A total solar eclipse was visible in the United States on Monday, Aug. 21, 2017, starting at around 10:15 a.m. PST. Much of Oregon was in the “path of totality,” a narrow strip where the total eclipse can be seen. (Fun fact: The last total eclipse in Oregon was in 1979, but an eclipse’s path of totality hasn’t traversed the entire continental U.S. since 1918.)
Towns across Oregon geared up for a massive influx of visitors eager to witness this cosmic wonder. Portland saw a partial solar eclipse, with the sun 99% obscured by the moon. To experience 100% obscuration, people traveled 25 miles (40 km) or more south of downtown Portland.
Oregon eclipse resources
State authorities estimated approximately 1 million people would descend upon destinations within the eclipse’s path, making for lots of traffic. The Oregon Department of Transportation halted most construction work around the time of the eclipse to ease road congestion. Even so, visitors were to told to expect plenty of traffic and to try to avoid travel on the day of the eclipse, when roads were busiest.
- Get Ready for the Total Solar Eclipse – Travel Oregon
- Total Solar Eclipse: Resources – Travel Oregon
- Total Solar Eclipse: Know Before You Go – Travel Oregon
- Solar Eclipse Safety Information – Oregon Office of State Fire Marshal
- Solar Eclipse weather forecast – National Weather Service, Portland, OR
Protect your eyes
You should never look directly at the sun, even during an eclipse. Other than for a very brief moment when the moon completely covered the sun, it was necessary to wear protective eyewear. Sunglasses or a camera lens won’t cut it! Experts urged viewers to use certified eclipse glasses that met international safety standards.
Solar eclipse events
When the cosmos do something this cool, you’ll want to make the occasion count! Special events were scheduled throughout the state along the path of totality. Those staying in Stumptown also got the most out of their eclipse experience at several local events.
Solar eclipse events in Portland
- Many headed to the Portland Children’s Museum in Southwest Portland for their all-day, eclipse-themed event. Included with admission to the museum was a pair of special solar eclipse glasses to view the event from the outdoor patio. Attendees stuck around to play and learn about outer space through a variety of art, science and sensory activities.
- Oregon Museum of Science and Industry (OMSI) in Southeast Portland hosted a free solar eclipse viewing party on its front plaza, along with plenty of kid-friendly space science activities.
- Thousands strolled down to Tom McCall Waterfront Park for free eclipse viewing festivities, including a specially-crafted musical broadcast to accompany the celestial event.
- Swimmers took a dip in the Willamette River during the Solar Eclipse Splash Mob Float and Swim, organized by the Human Access Project, for unobstructed views of the eclipse.
What to do in Portland before and after the eclipse
On a budget?
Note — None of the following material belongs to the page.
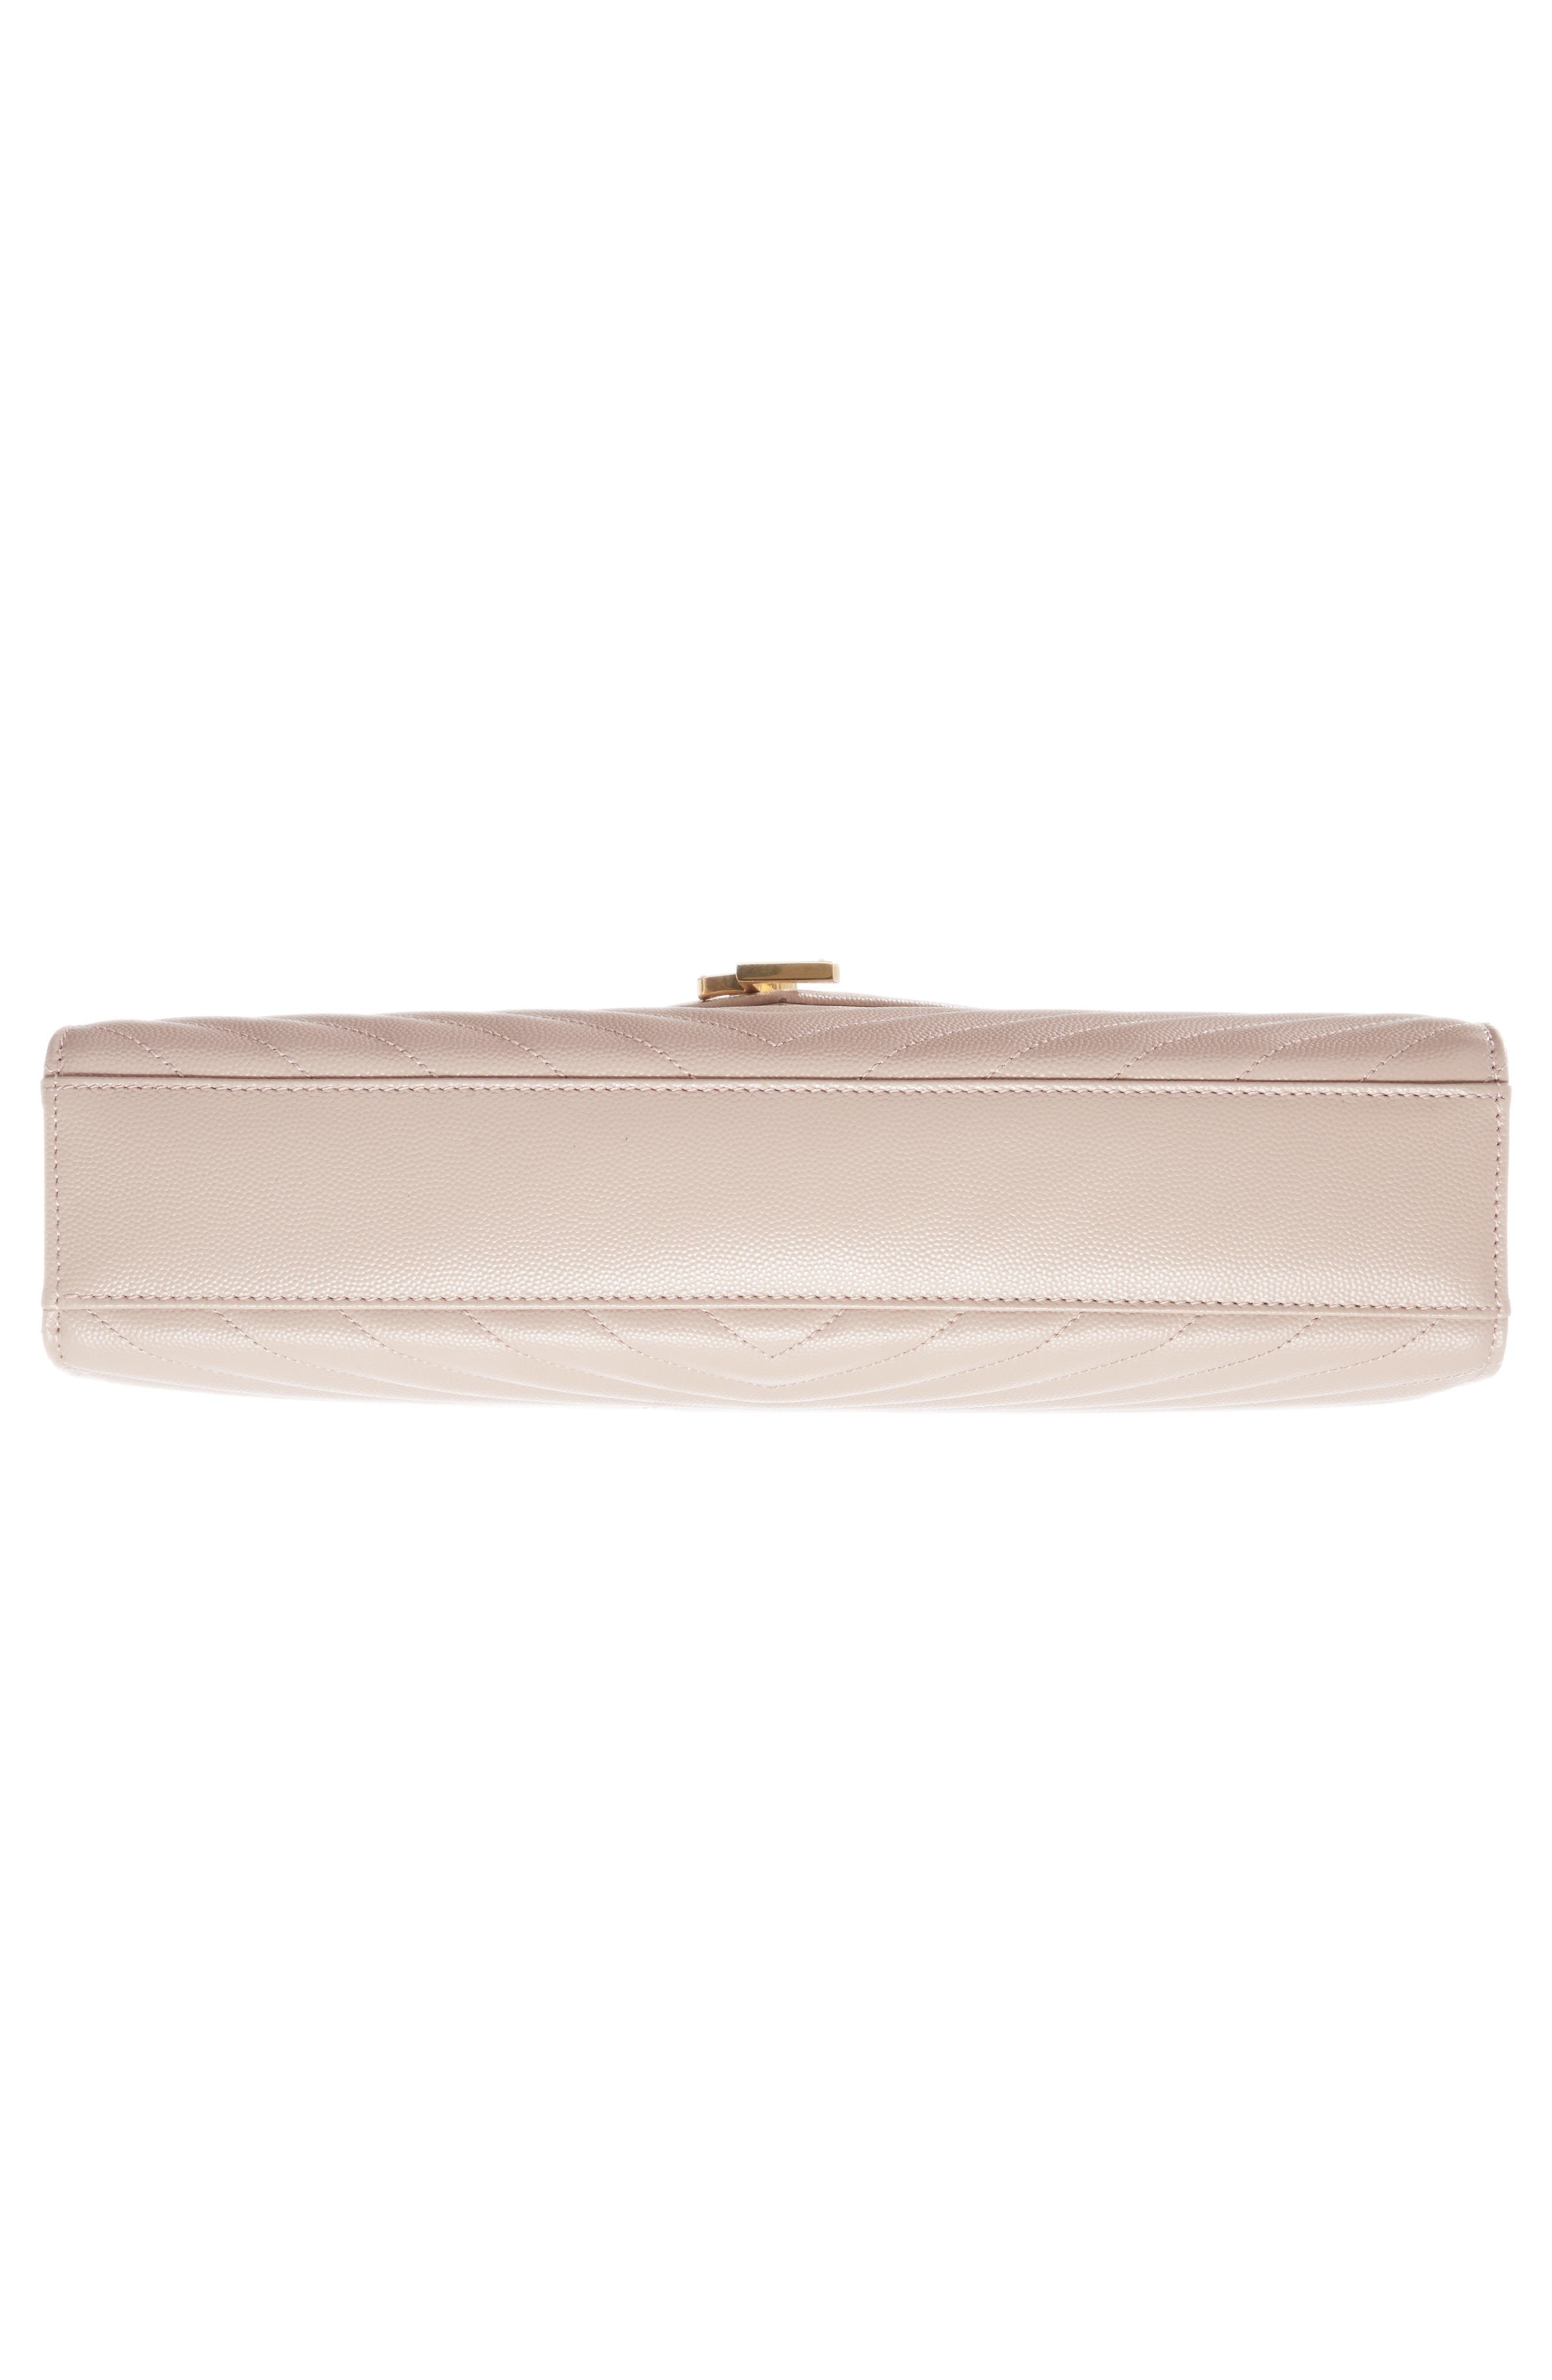 ,                             'Large Monogram' Grained Leather Shoulder Bag,                             Alternate thumbnail 46, color,                             657

Check out the many attractions of Portland Parks & Recreation’s Summer Free for All. From swimming to movies and music in the park, there’s something for everyone all summer long — entirely free of charge. August is the perfect time of year to hike or mountain bike beneath the shady canopy of Forest Park. Then take a stroll along peaceful paths in the newly updated Japanese Garden. And of course, mid-August is prime time for water recreation, so why not play in the river? Grab a stand up paddleboard (you can rent one or take a lesson) and head to the Willamette River.
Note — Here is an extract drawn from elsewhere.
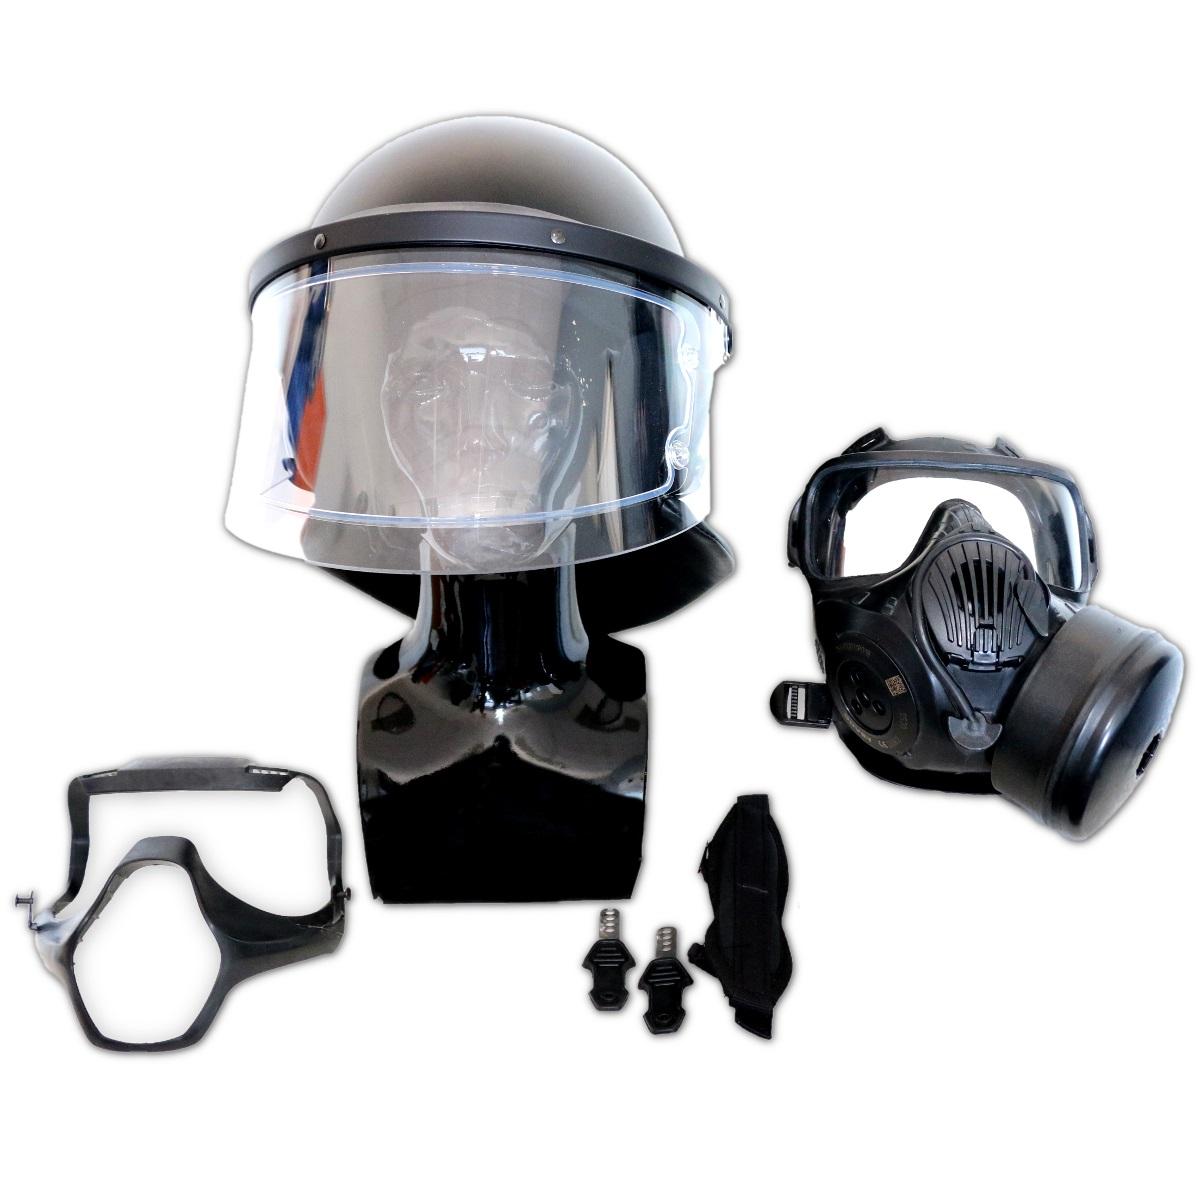 Helmet interface for law enforcement

More Portland planning resources
How to avoid the eclipse
There’s nothing you can do to stop the moon in its orbit, but if you really want to avoid the crowds and general hubbub, we have a few tips. Portland isn’t in the path of totality, so it’s a good place to be during the eclipse. Avoid travel altogether on Monday and the days before and after the eclipse (Aug. 20 & 22), if you can. It’s also wise to stay off highways and major thoroughfares both in and out of the city.
You don’t need to worry about traffic at all on one of Portland’s many walking tours. Spend the day basking in the sun of a patio bar or catching a game at a favorite sports bar. If beer and a movie is more your style, the city has several options. To miss the crowds flocking outside for eclipse views around 10:15 a.m., try one of Portland’s legendary breakfast joints. (There might not even be a line!)